**REQUIRED ACTION**
Write out the line with "Операторы Службы 112" and every later line through the end of the data below, exactly as given, with no pictures in the copy.

**DATASET SECTION**
◇ ◇ ◇
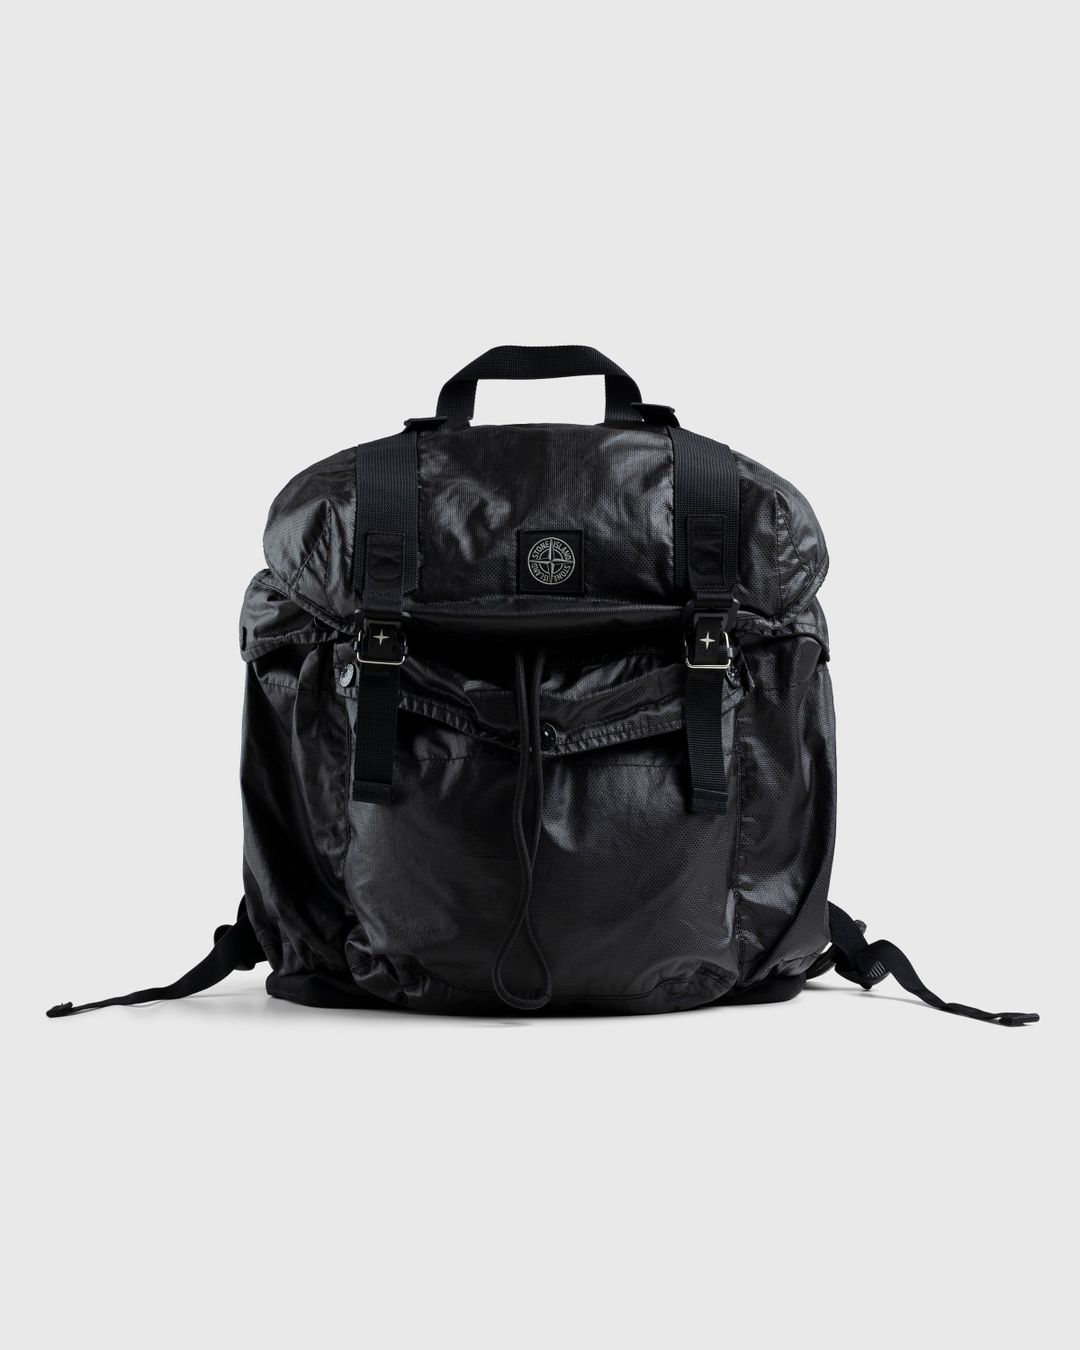 Stone Island – 90370 Dyed Backpack Black | Highsnobiety Shop
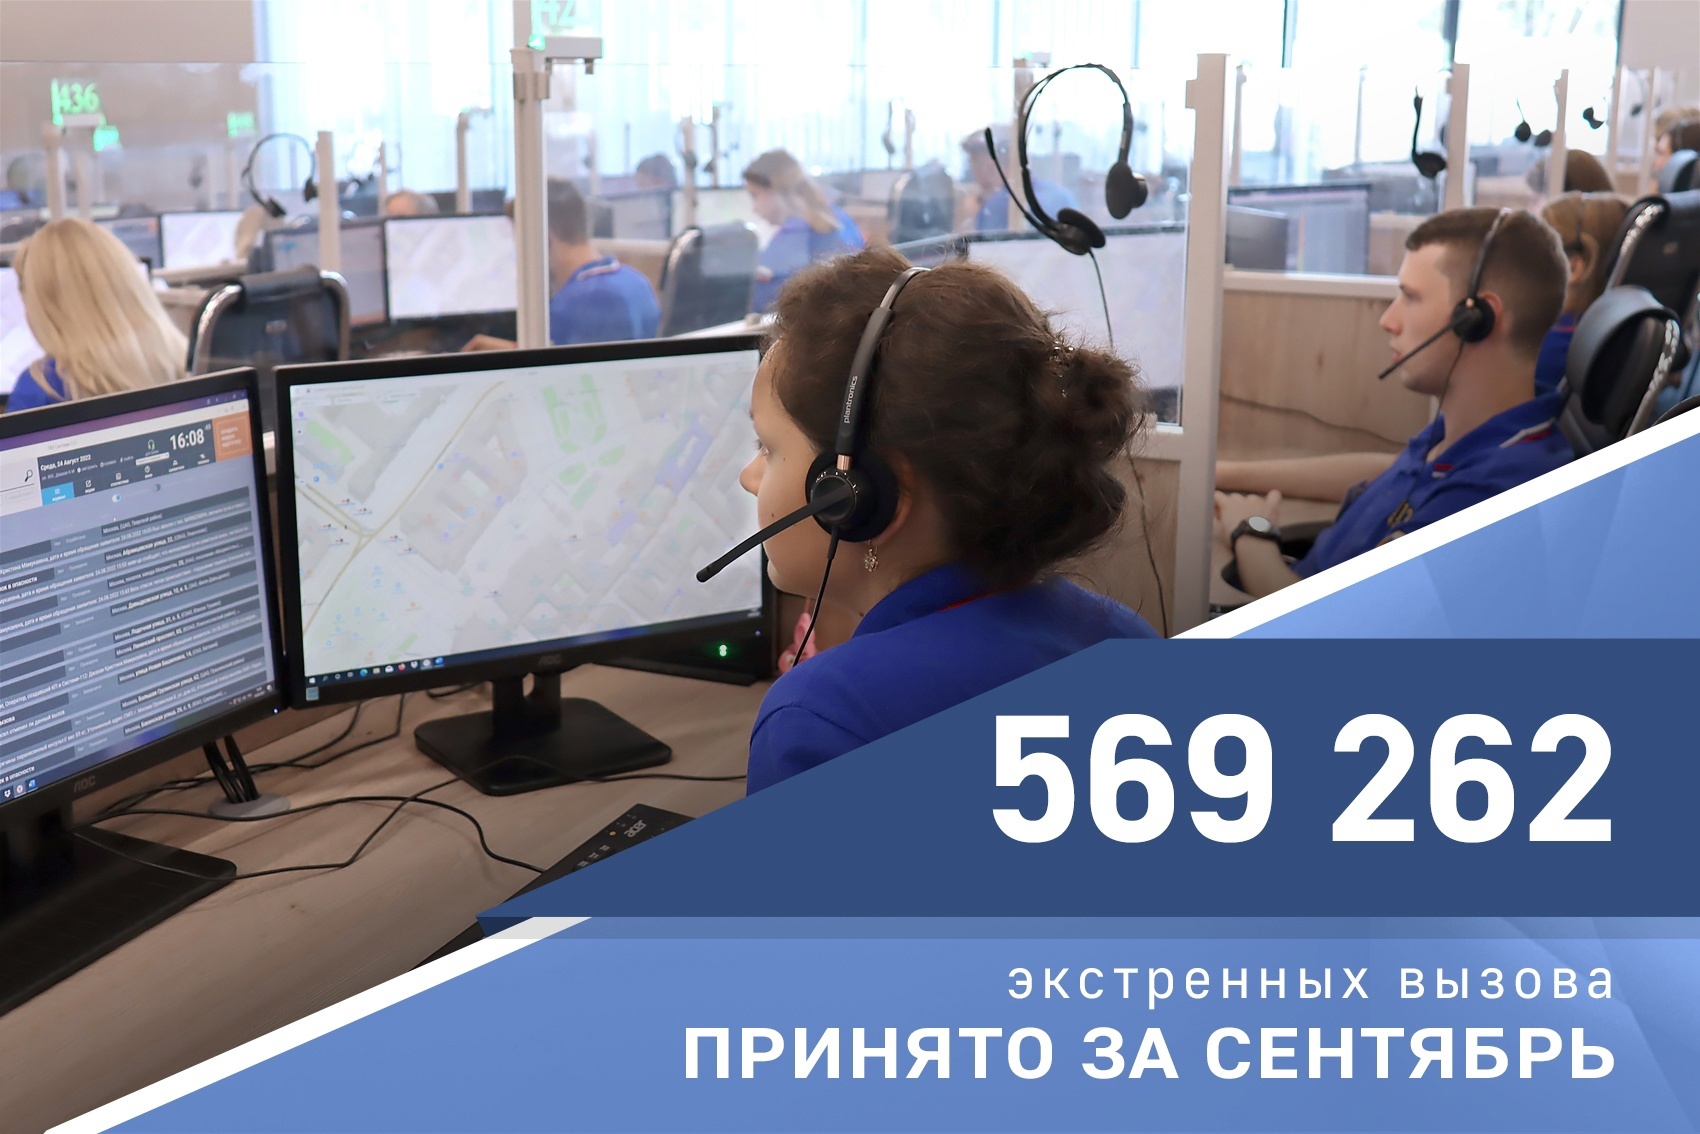 Операторы Службы 112 Москвы приняли 570 тысяч вызовов за сентябрь
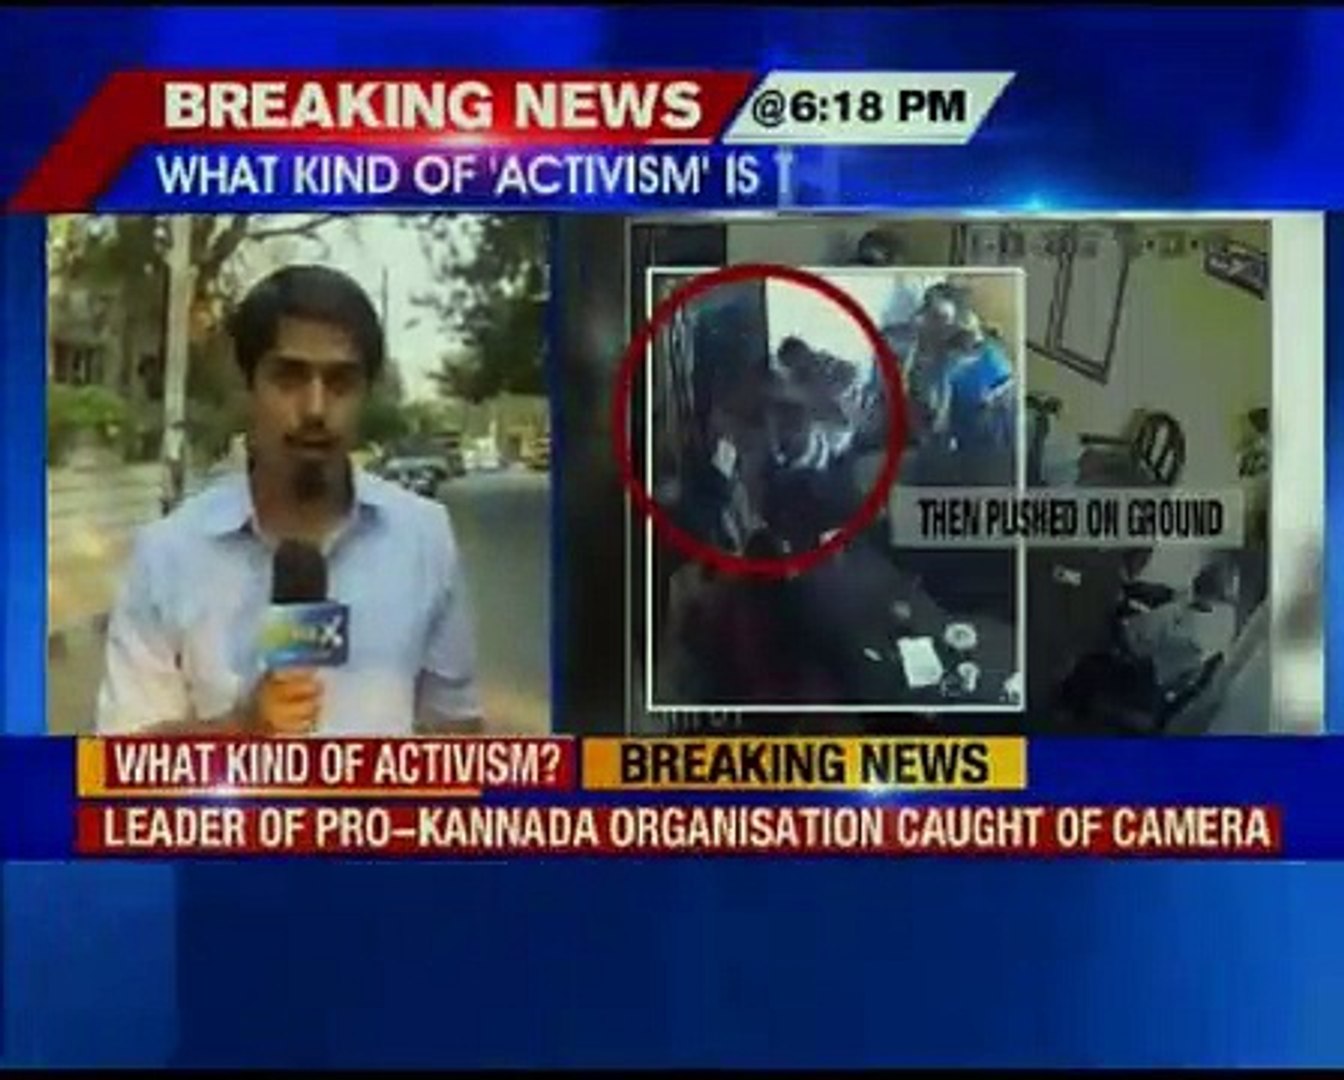 Pro-Kannada activist assaults woman
◇ ◇ ◇
**RESULT FOR THIS TASK**
 Операторы Службы 112 Москвы приняли 570 тысяч вызовов за сентябрь
 Pro-Kannada activist assaults woman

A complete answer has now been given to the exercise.